BRIEF: Once you find the line with "Turibio Santos Classics of Latin America" in the data below, transcribe exactly each line from there to the line with "2 Bulb Tiffany", inclusive, and nothing else. Drop the pictures.

EXERCISE MATERIALS:
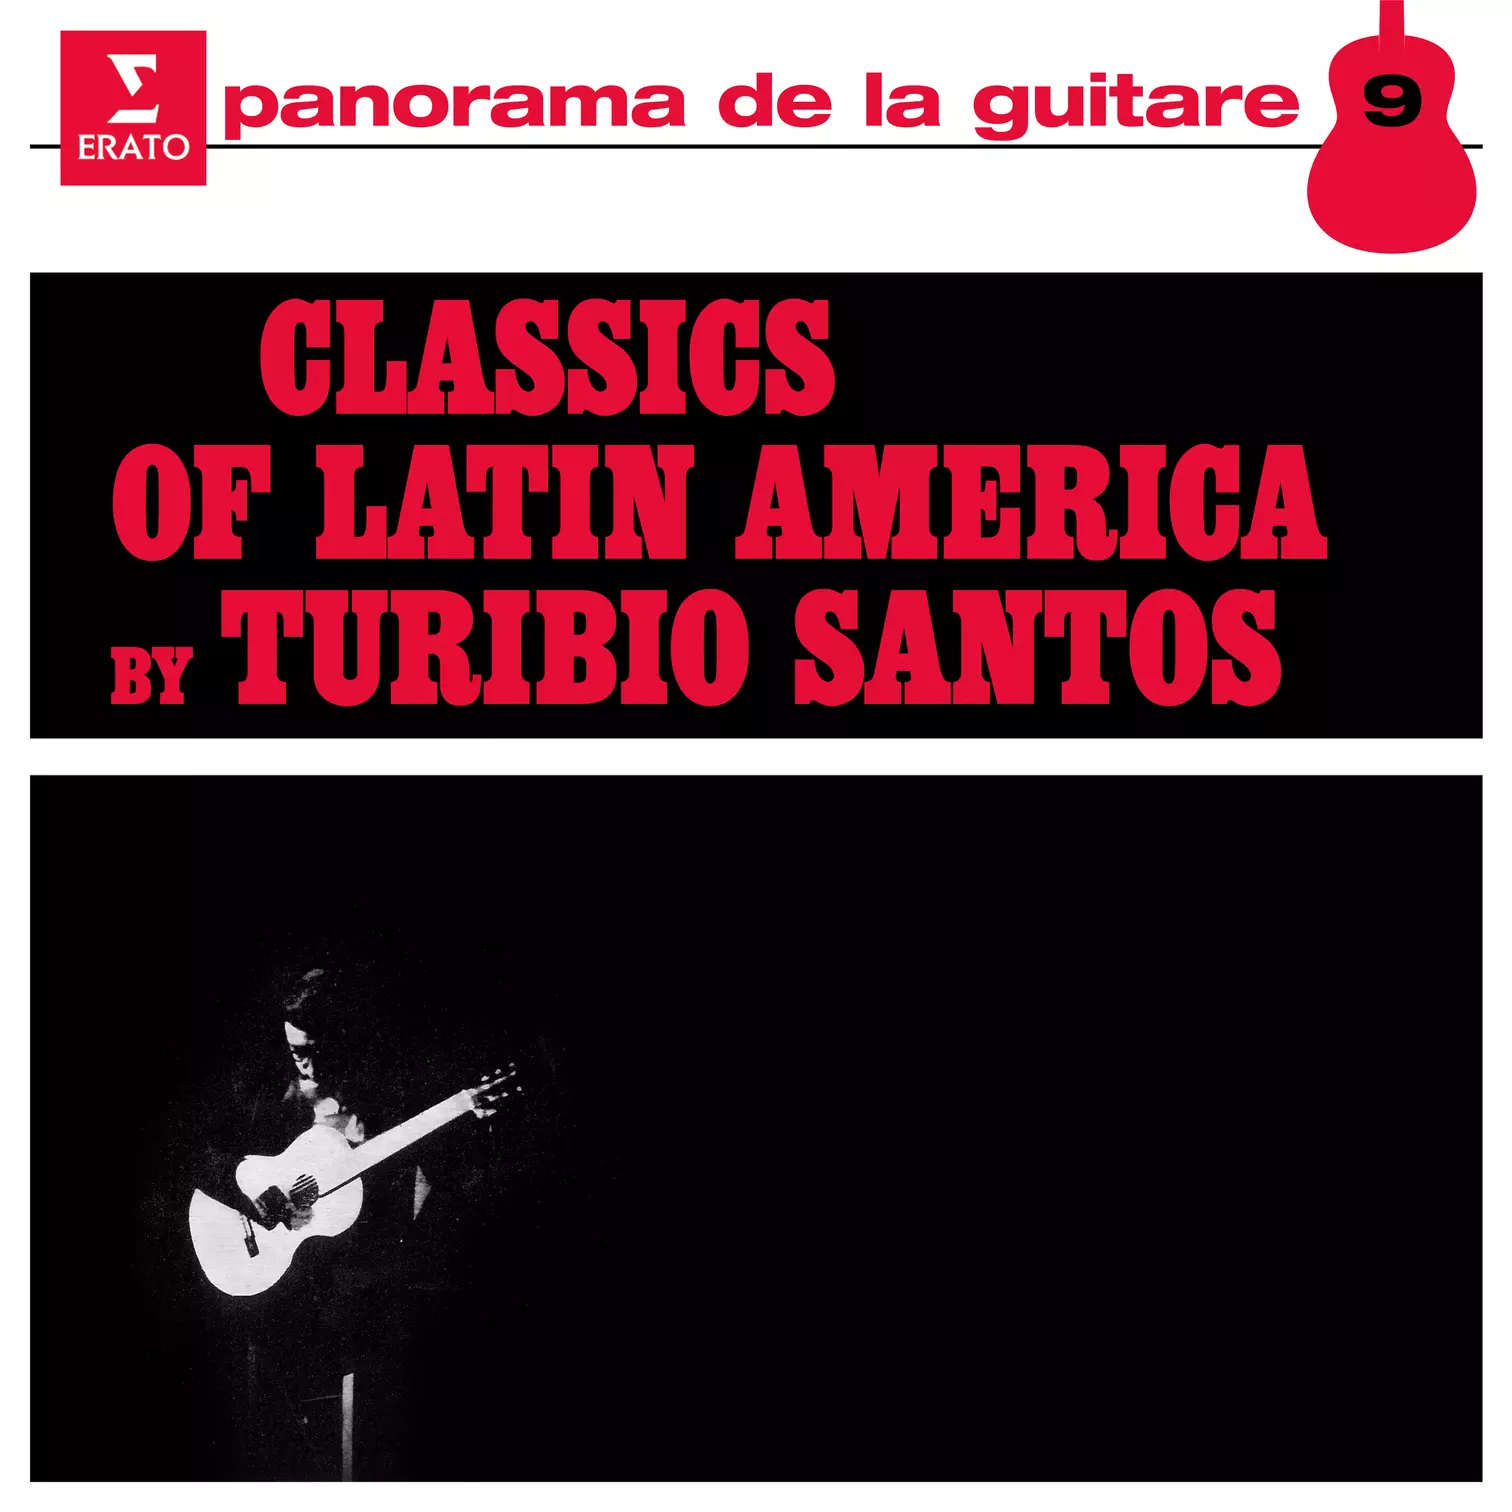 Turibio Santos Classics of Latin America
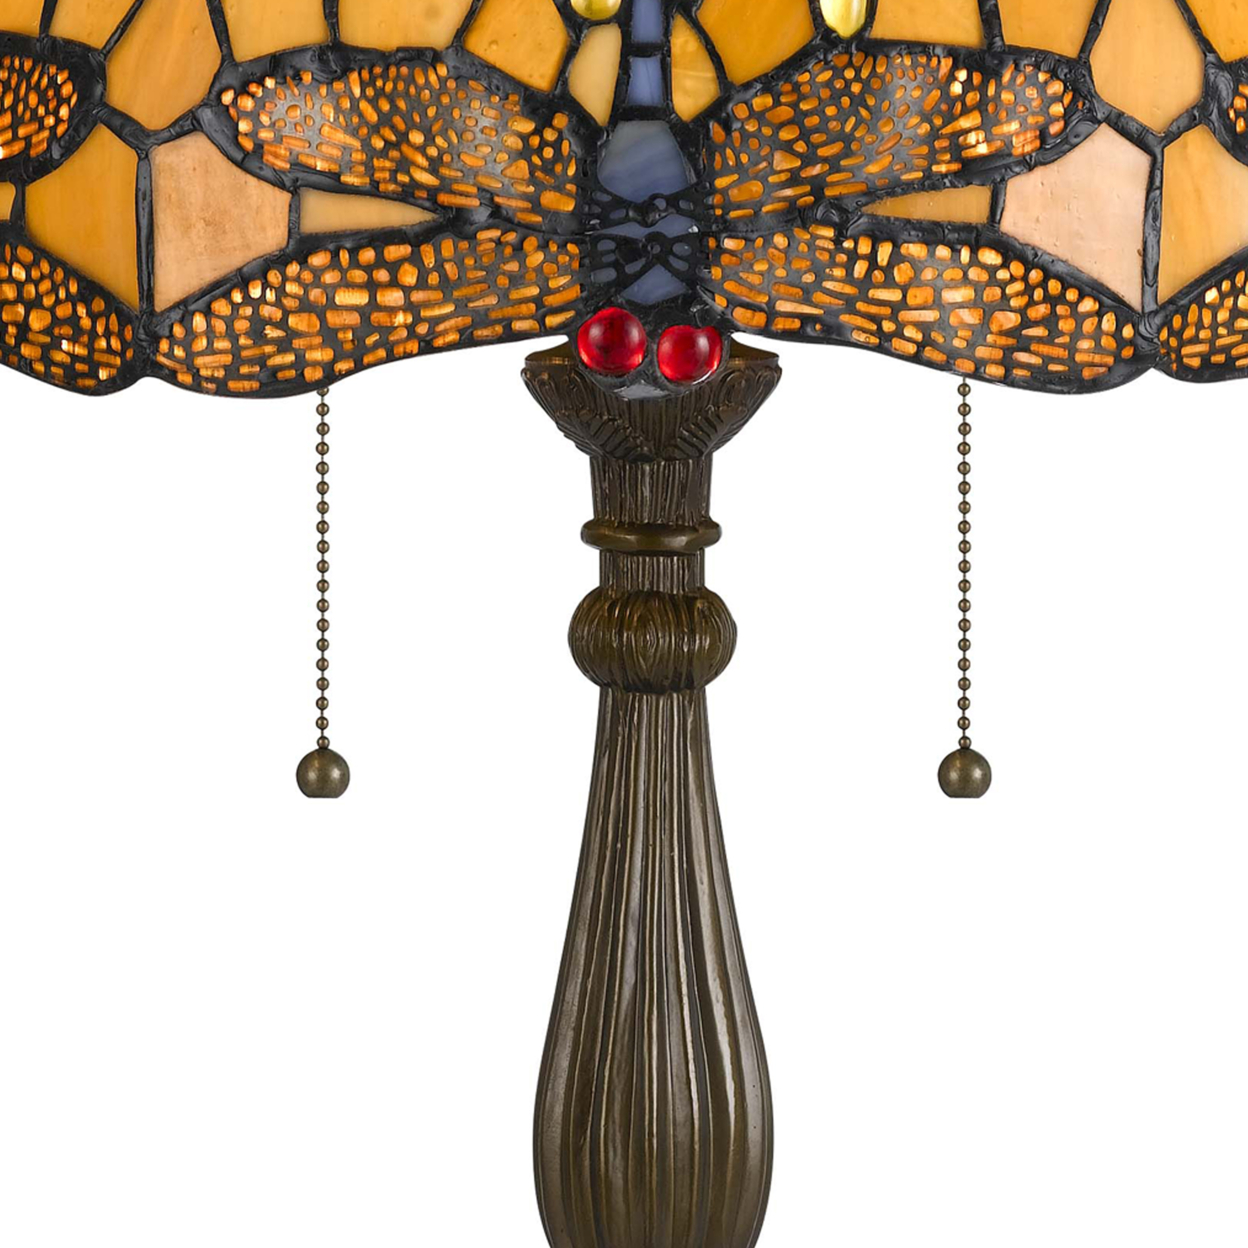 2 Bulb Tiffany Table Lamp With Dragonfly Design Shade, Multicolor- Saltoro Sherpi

...

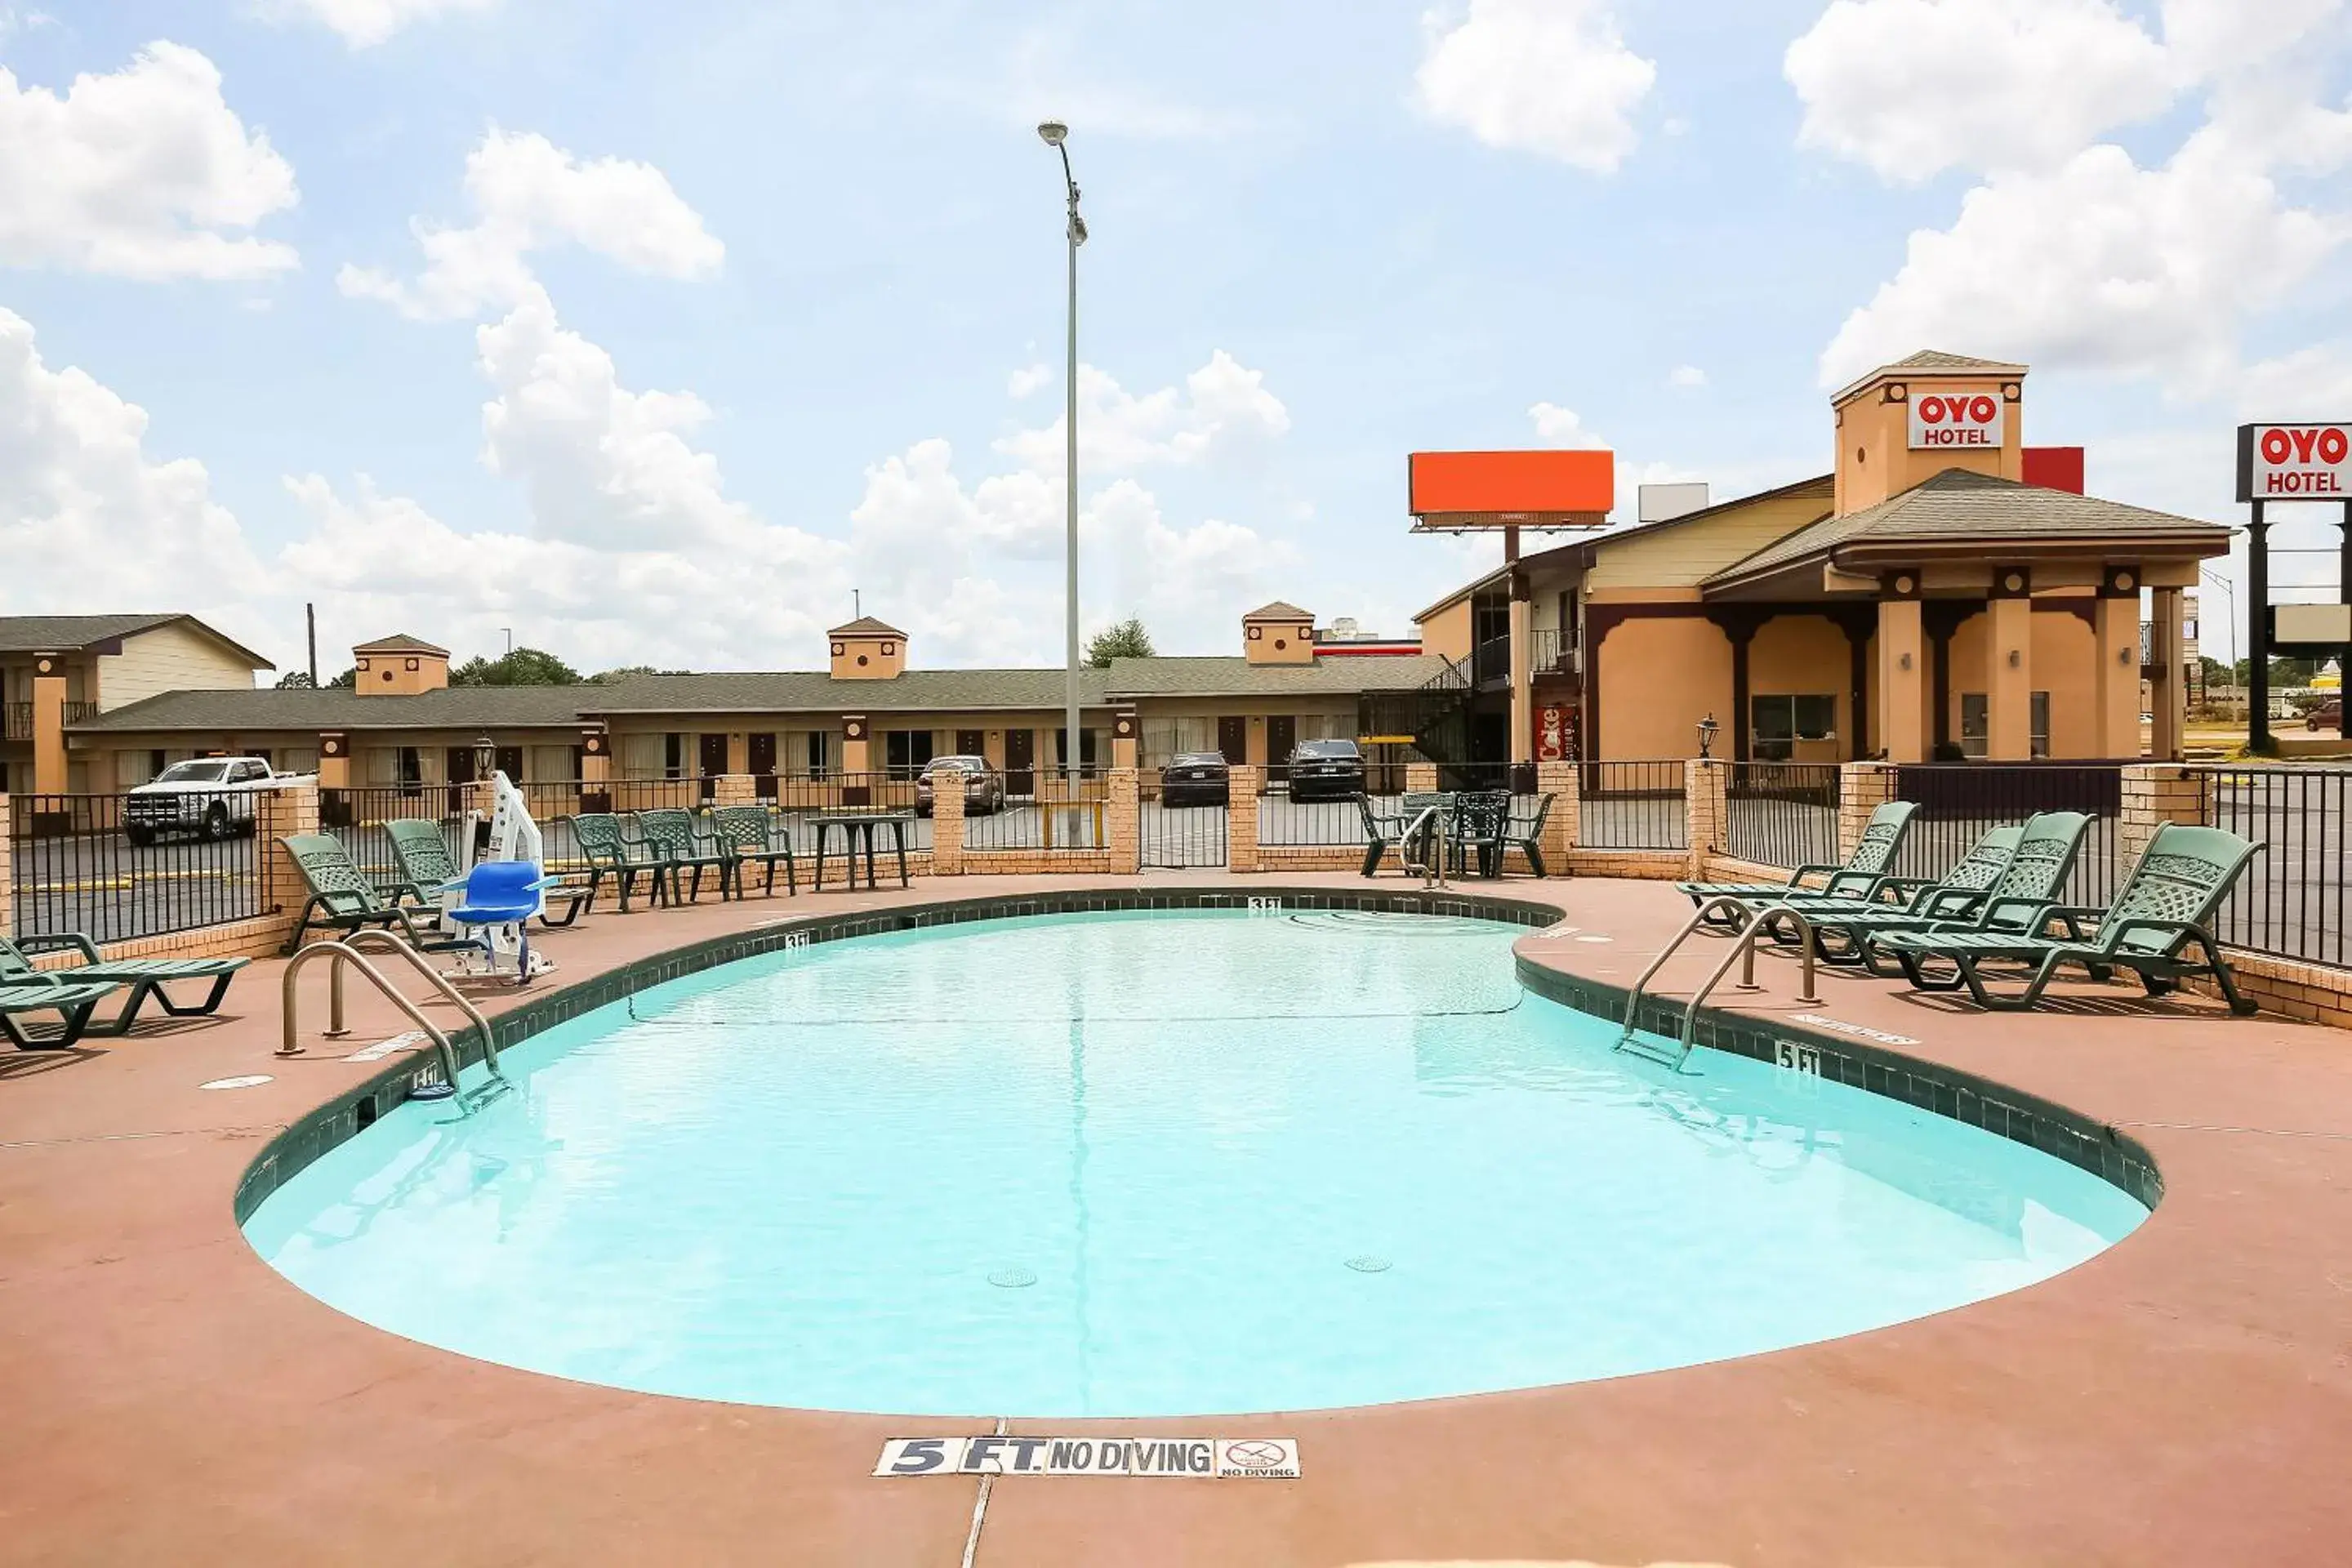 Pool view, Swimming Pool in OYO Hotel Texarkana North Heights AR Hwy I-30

ANSWER TO THE EXERCISE:
 Turibio Santos Classics of Latin America
 2 Bulb Tiffany Table Lamp With Dragonfly Design Shade, Multicolor- Saltoro Sherpi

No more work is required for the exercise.